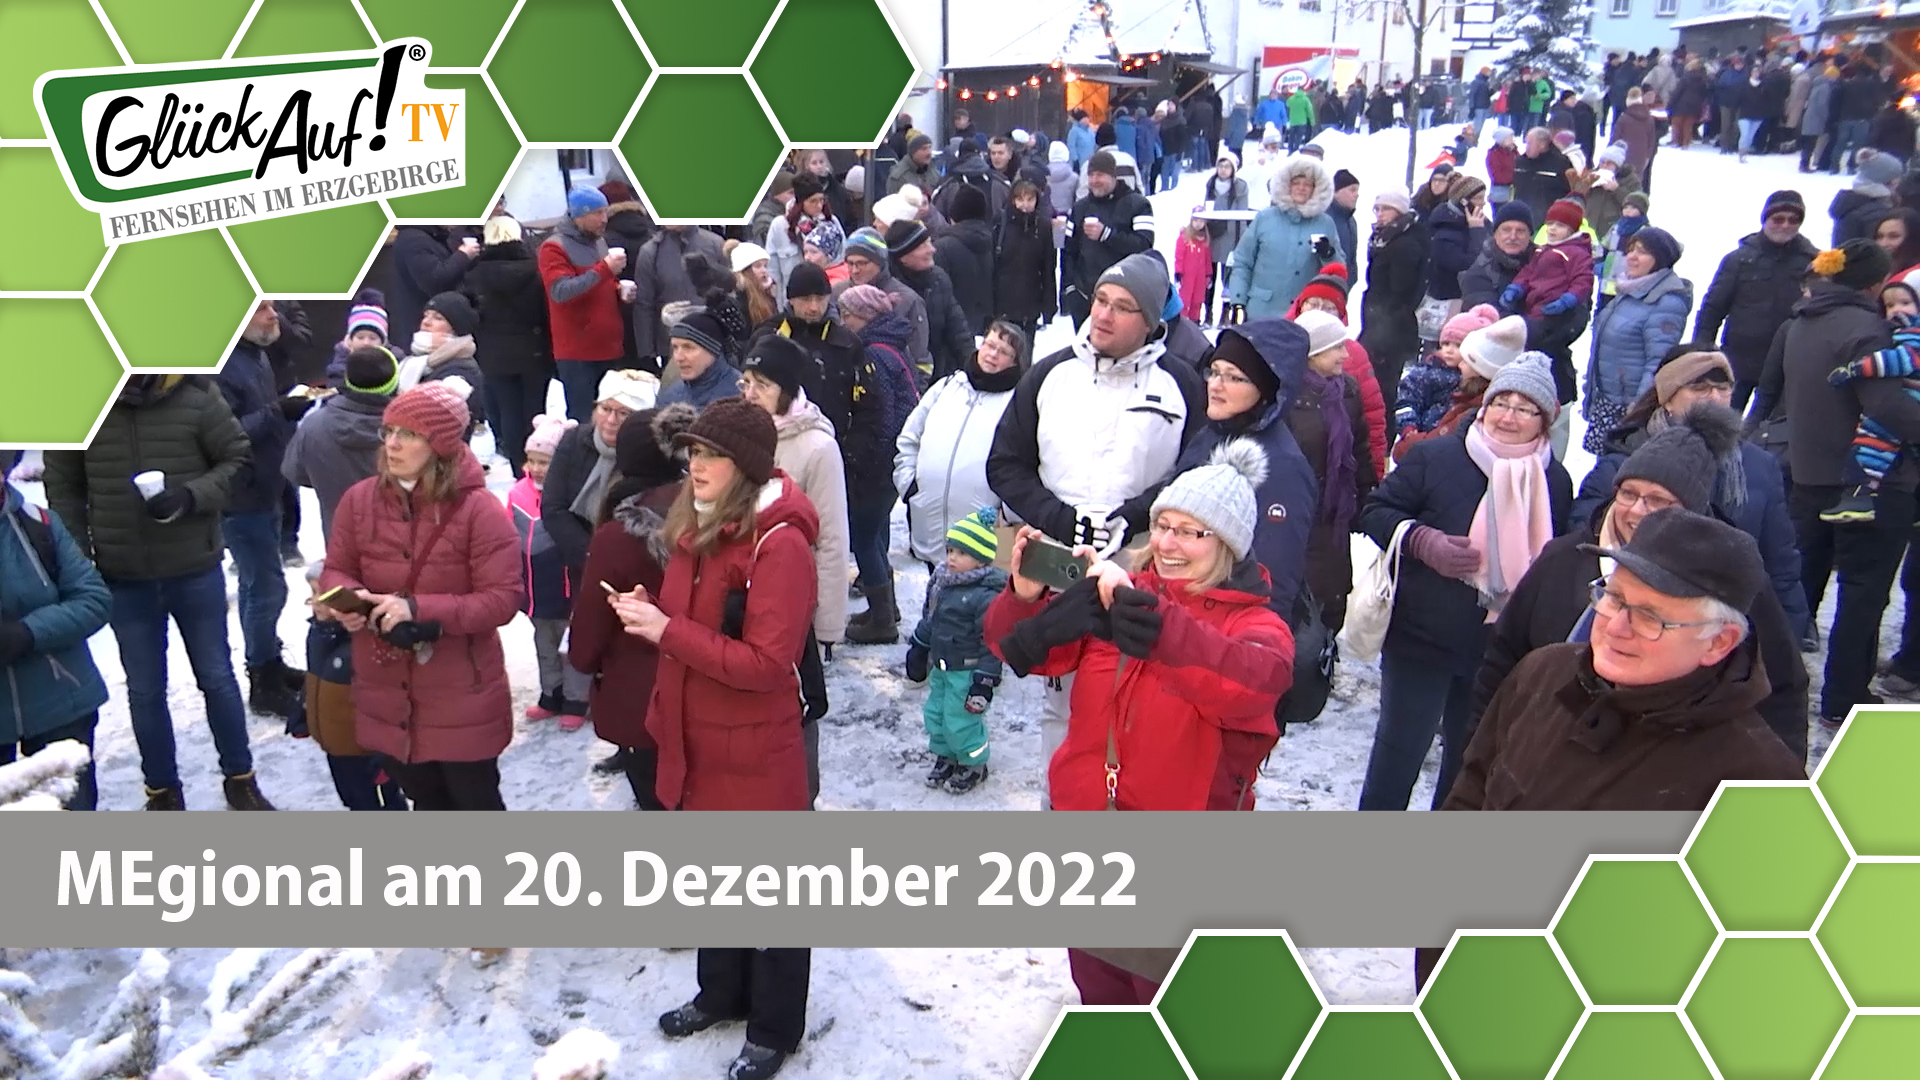 MEgional am 20. Dezember 2022 - mit dem Weihnachtsmarkt in Sayda
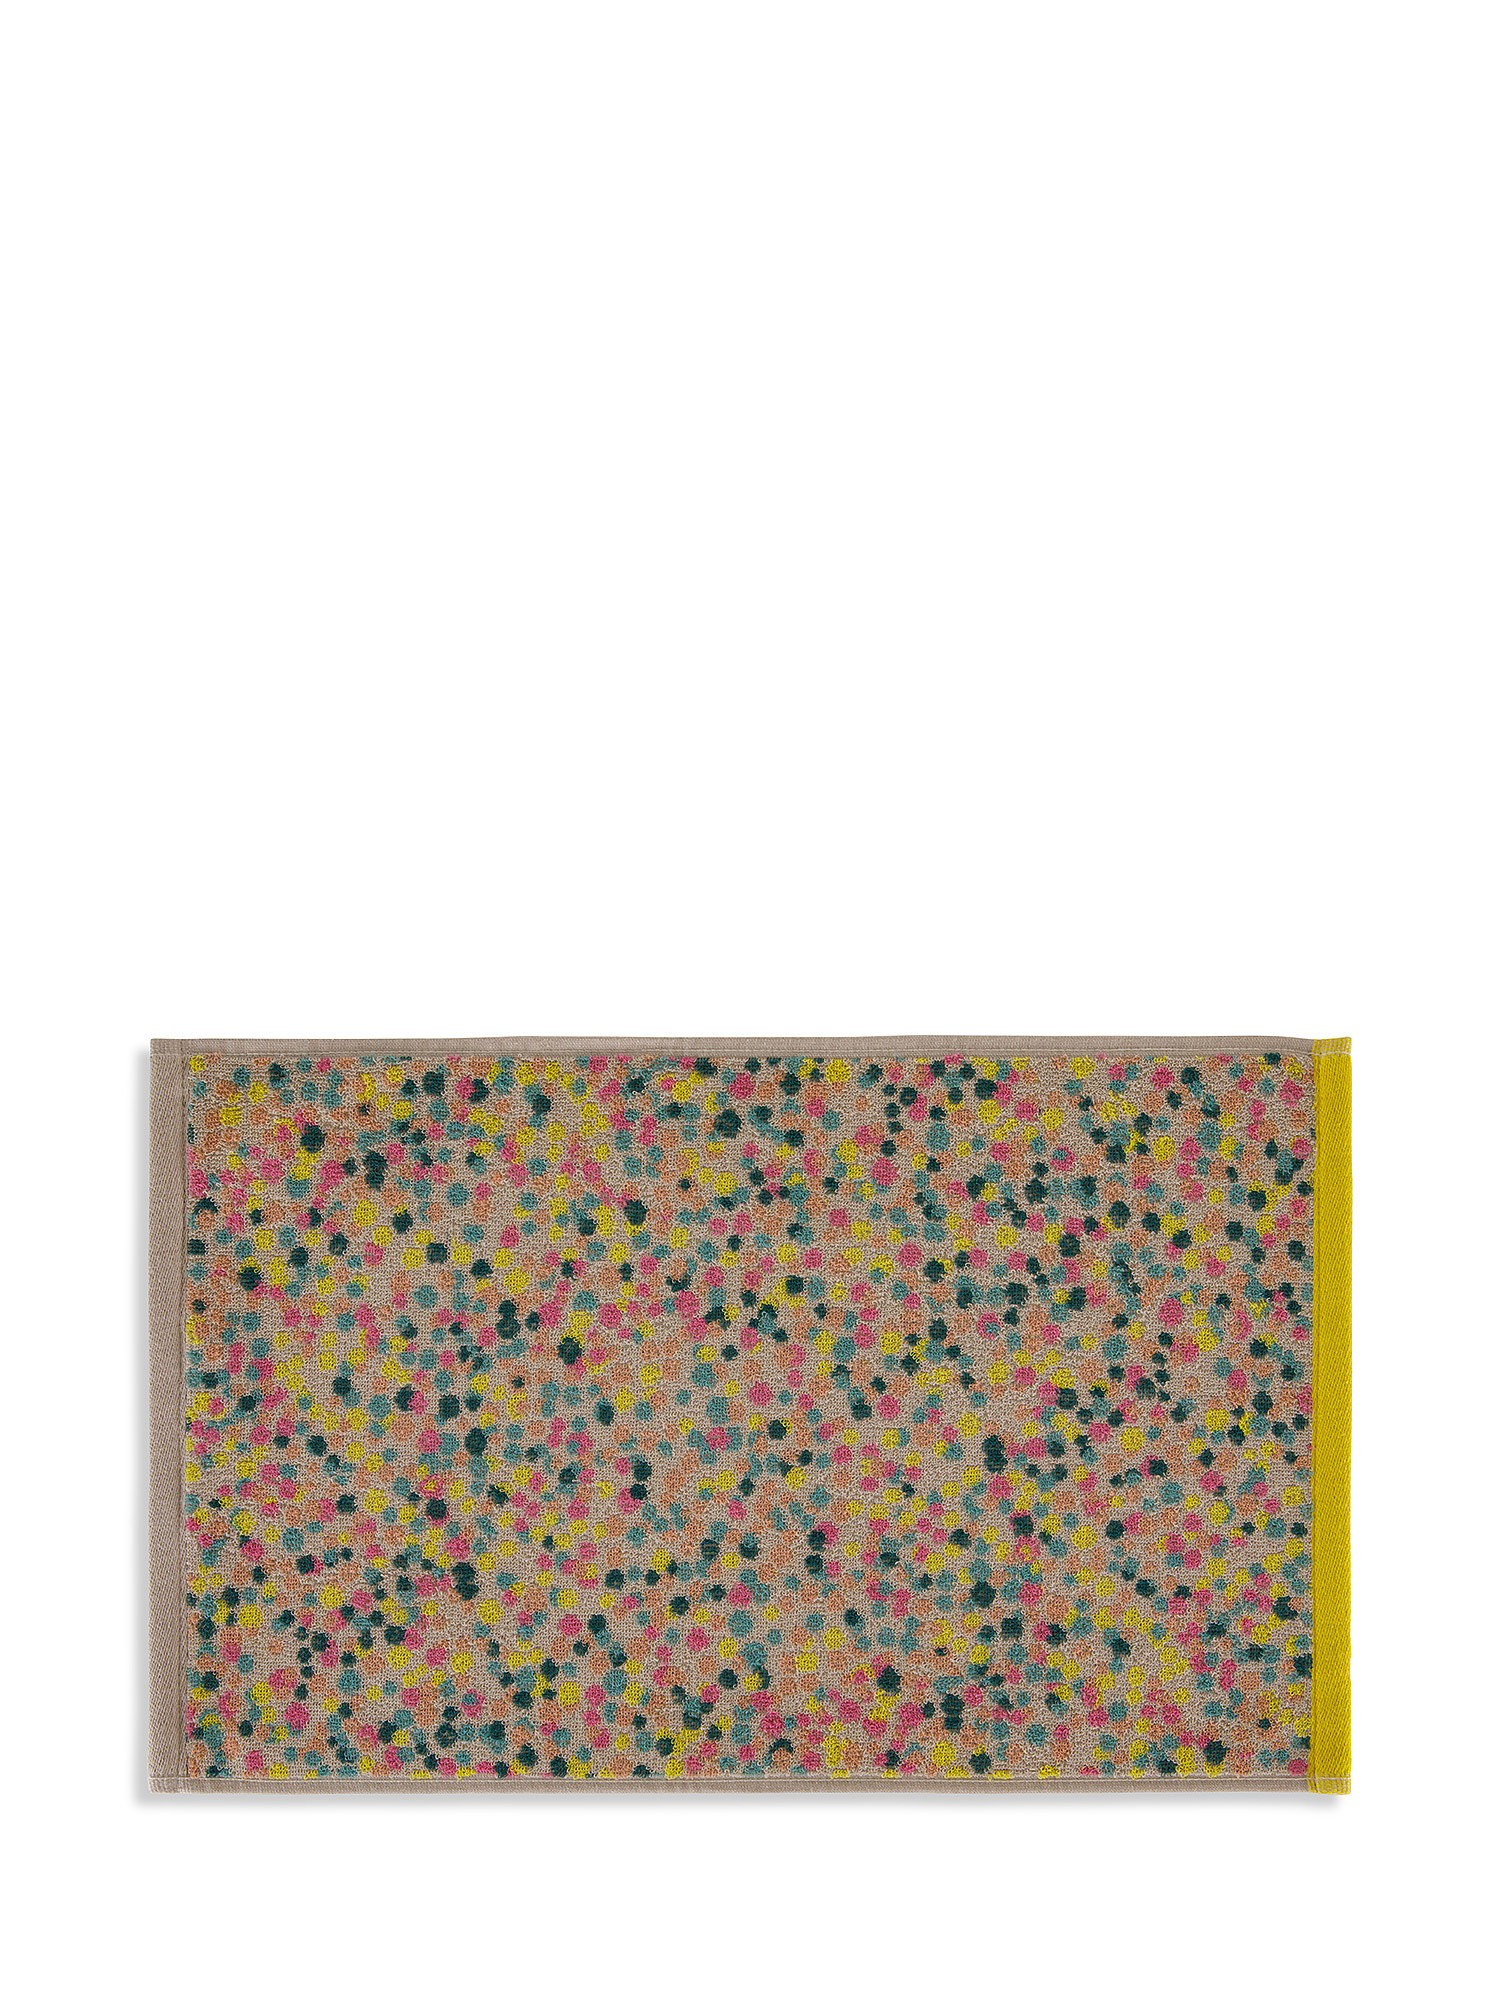 Asciugamano puro cotone tinto filo motivo a pallini, Multicolor, large image number 1
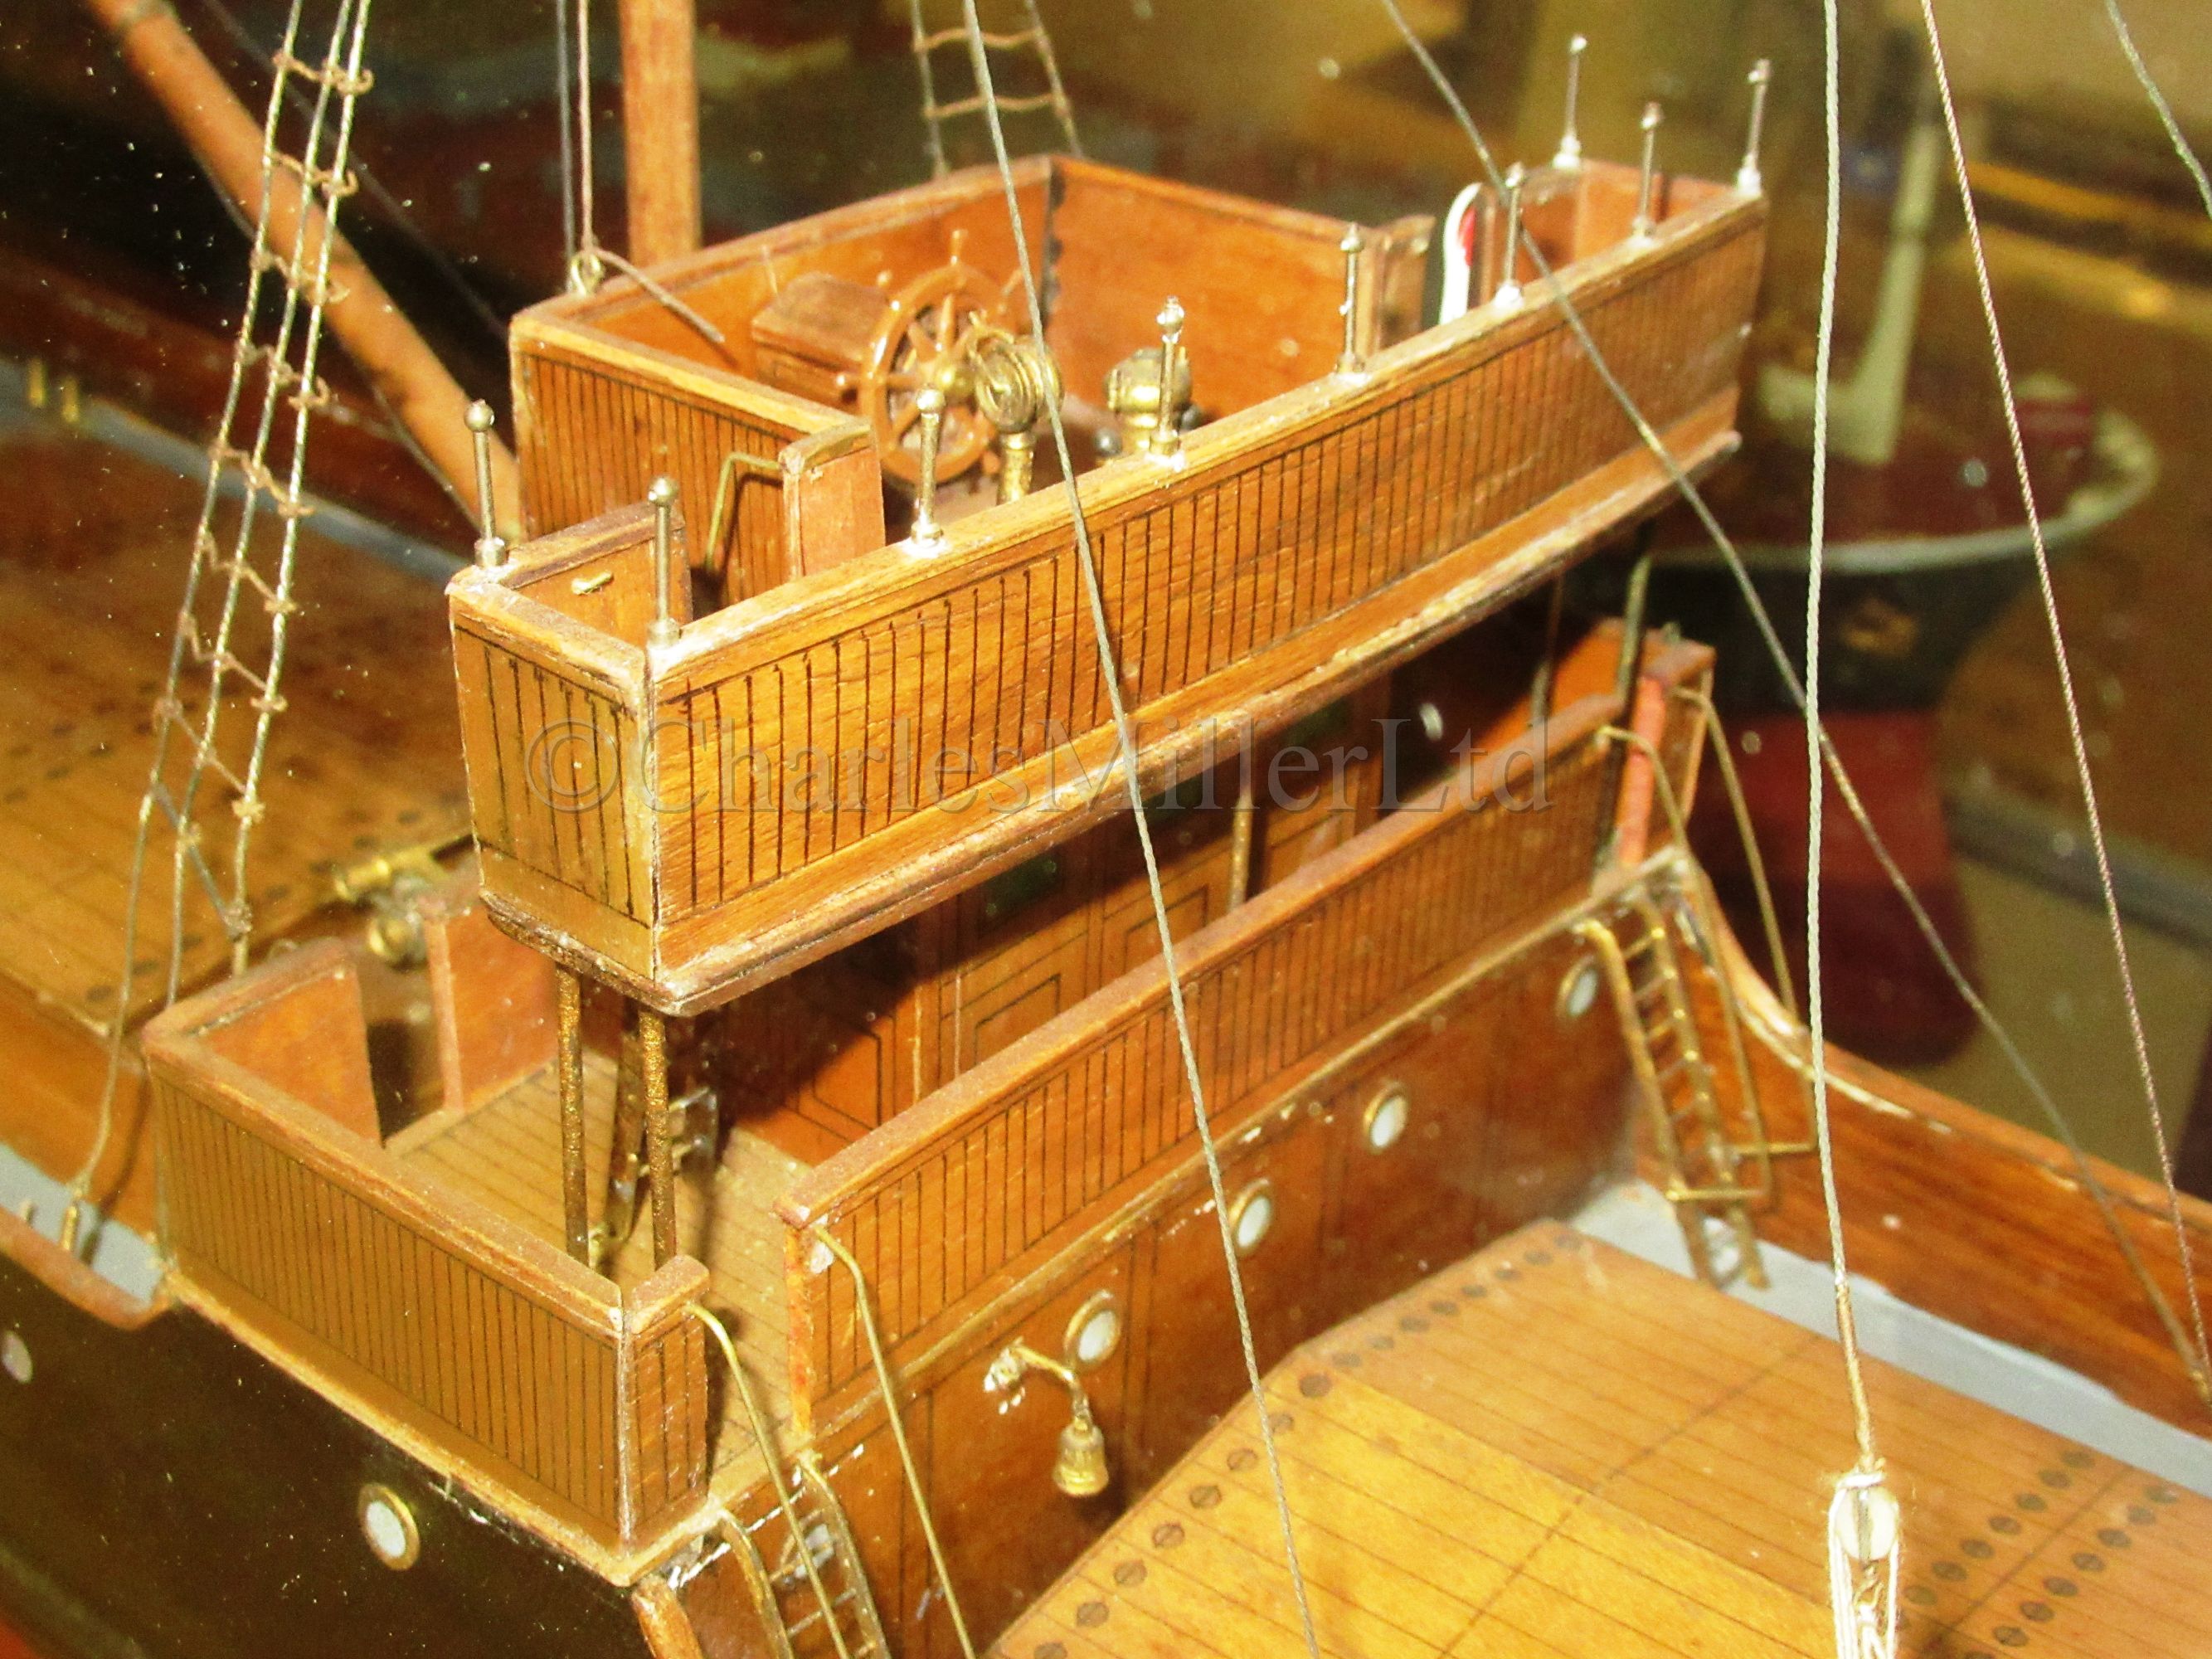 A BUILDER’S MODEL FOR THE CARGO SHIP S.S. EGHAM BUILT BY CRICHTON’S, SALTNEY FOR J. HARRISON LTD, - Image 3 of 16

────────

Word for word, print the material above, but without its pictures.

 MEgional am 20. Dezember 2022 - mit dem Weihnachtsmarkt in Sayda
 Asciugamano puro cotone tinto filo motivo a pallini, Multicolor, large image number 1
 A BUILDER’S MODEL FOR THE CARGO SHIP S.S. EGHAM BUILT BY CRICHTON’S, SALTNEY FOR J. HARRISON LTD, - Image 3 of 16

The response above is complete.